2009-06-24 14:38:24

by Thomas Gleixner

[permalink] [raw]
Subject: [PATCH V2] futex: Fix the write access fault problem for real

commit 64d1304a64 (futex: setup writeable mapping for futex ops which
modify user space data) did address only half of the problem of write
access faults.

The patch was made on two wrong assumptions:

1) access_ok(VERIFY_WRITE,...) would actually check write access.

On x86 it does _NOT_. It's a pure address range check.

2) a RW mapped region can not go away under us.

That's wrong as well.
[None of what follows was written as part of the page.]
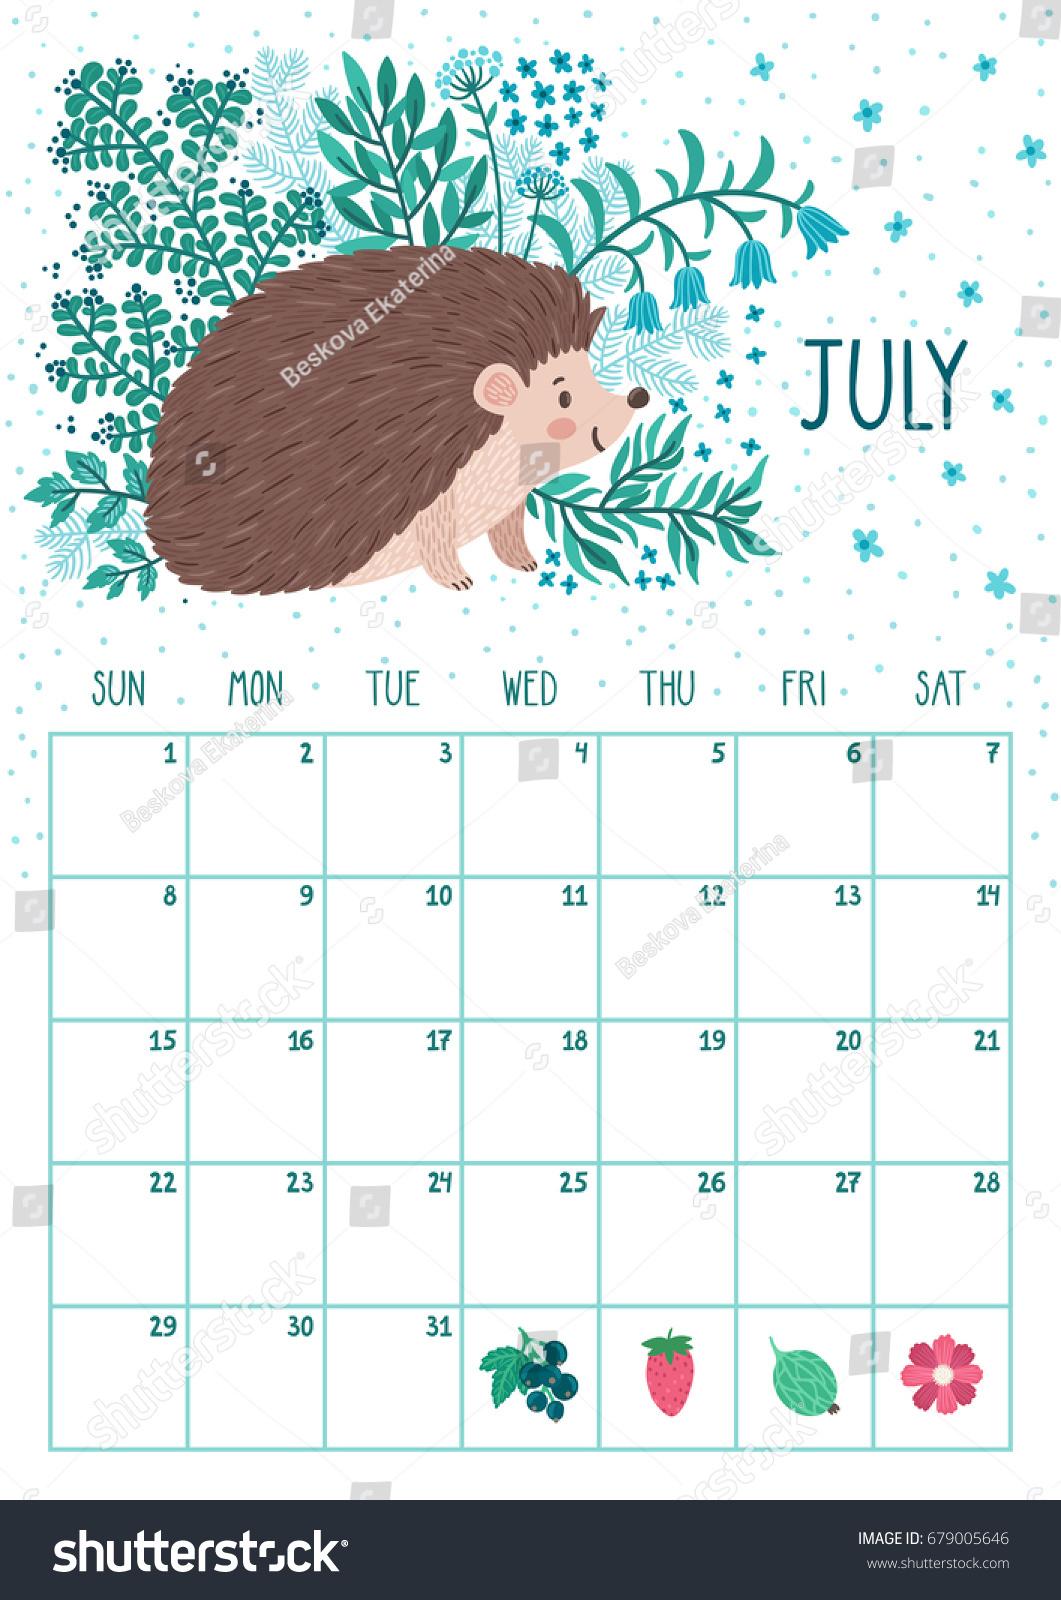 Vector Monthly Calendar Cute Hedgehog July Stock Vector 679005646

Nobody can prevent another thread to call
mprotect(PROT_READ) on that region where the futex resides. If that
call hits between the get_user_pages_fast() verification and the
actual write access in the atomic region we are toast again.

The solution is to not rely on access_ok and get_user() for any write
access related fault on private and shared futexes. Instead we need to
fault it in with verification of write access.

There is no generic non destructive write mechanism which would fault
the user page in trough a #PF, but as we already know that we will
fault we can as well call get_user_pages() directly and avoid the #PF
overhead.

If get_user_pages() returns -EFAULT we know that we can not fix it
anymore and need to bail out to user space.

Remove a bunch of confusing comments on this issue as well.

Signed-off-by: Thomas Gleixner <[email protected]>
Cc: [email protected]
---
kernel/futex.c | 45 ++++++++++++++++++++++++---------------------
1 files changed, 24 insertions(+), 21 deletions(-)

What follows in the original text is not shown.